» **Your task**:
From the first line to the last, restate the material word for word; pictures stay out.

» **Task input**:
-*-*-

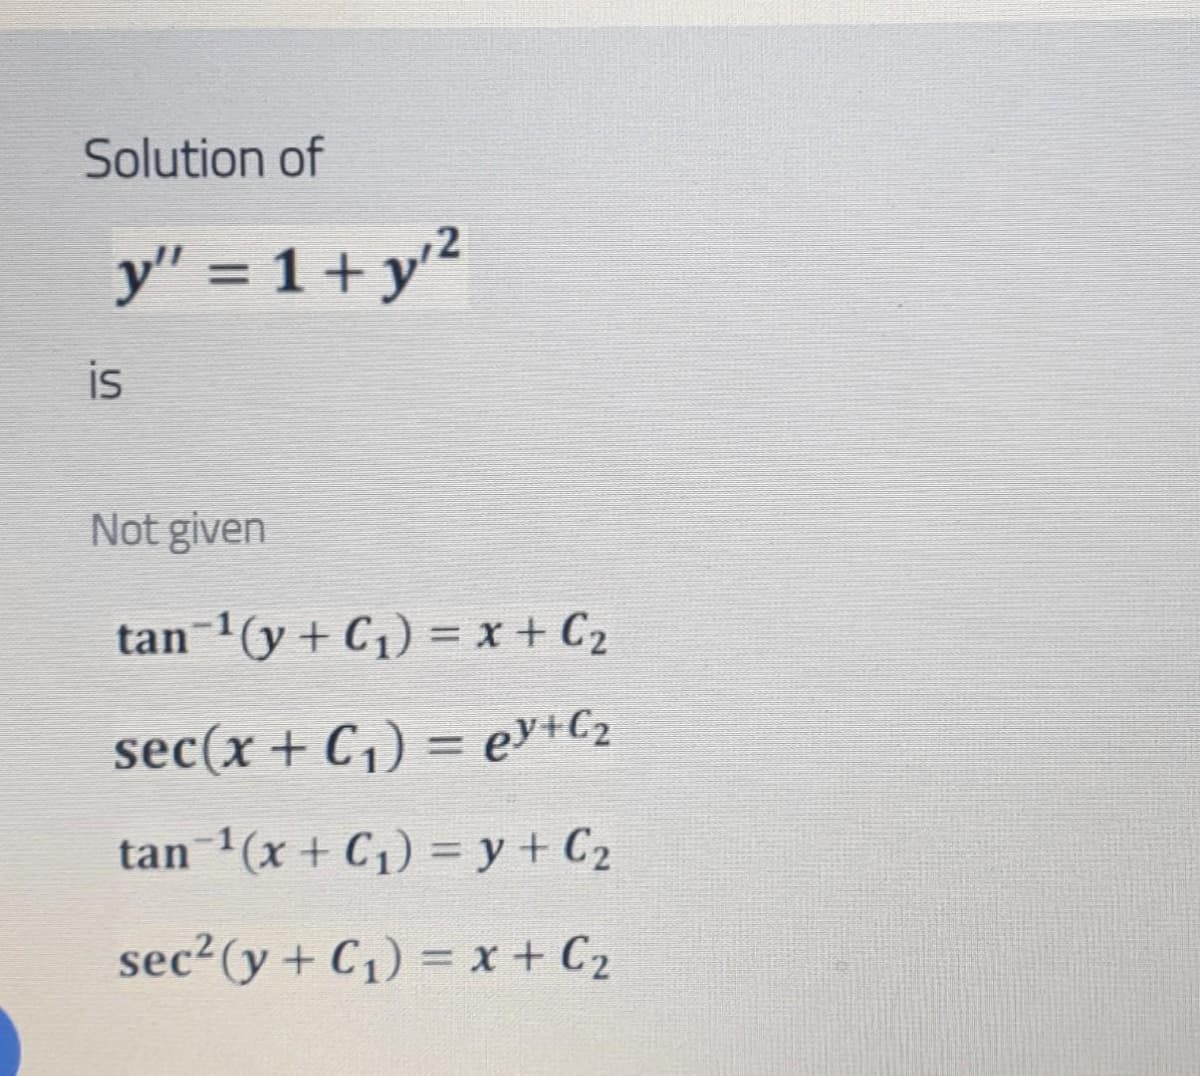 Solution of
y" = 1 + y2
%3D
is
Not given
tan-(y + C1) = x + C2
%3D
sec(x + C1) = ev+C2
tan(x + C1) = y + C2
sec²(y + C1) = x + C2
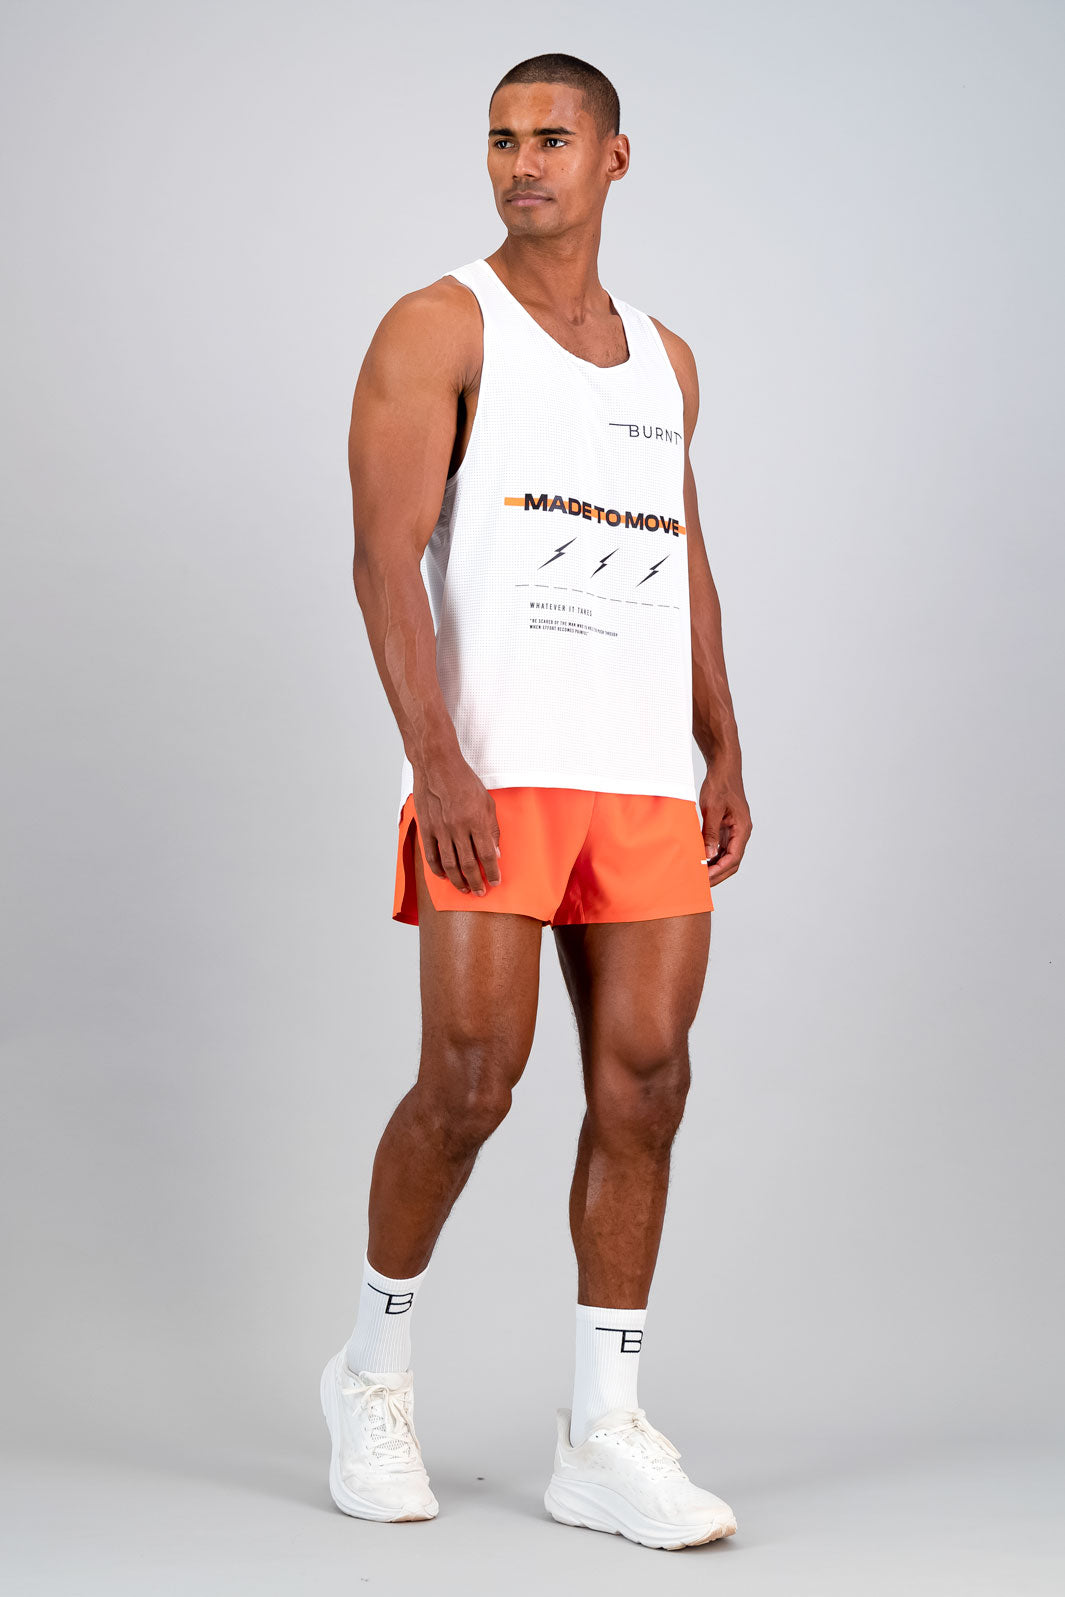 SpeedSkin™ Mens Pro Shorts - Orange

-*-*-

» **Completed task**:
 Solution of
y" = 1 + y2
%3D
is
Not given
tan-(y + C1) = x + C2
%3D
sec(x + C1) = ev+C2
tan(x + C1) = y + C2
sec²(y + C1) = x + C2
 SpeedSkin™ Mens Pro Shorts - Orange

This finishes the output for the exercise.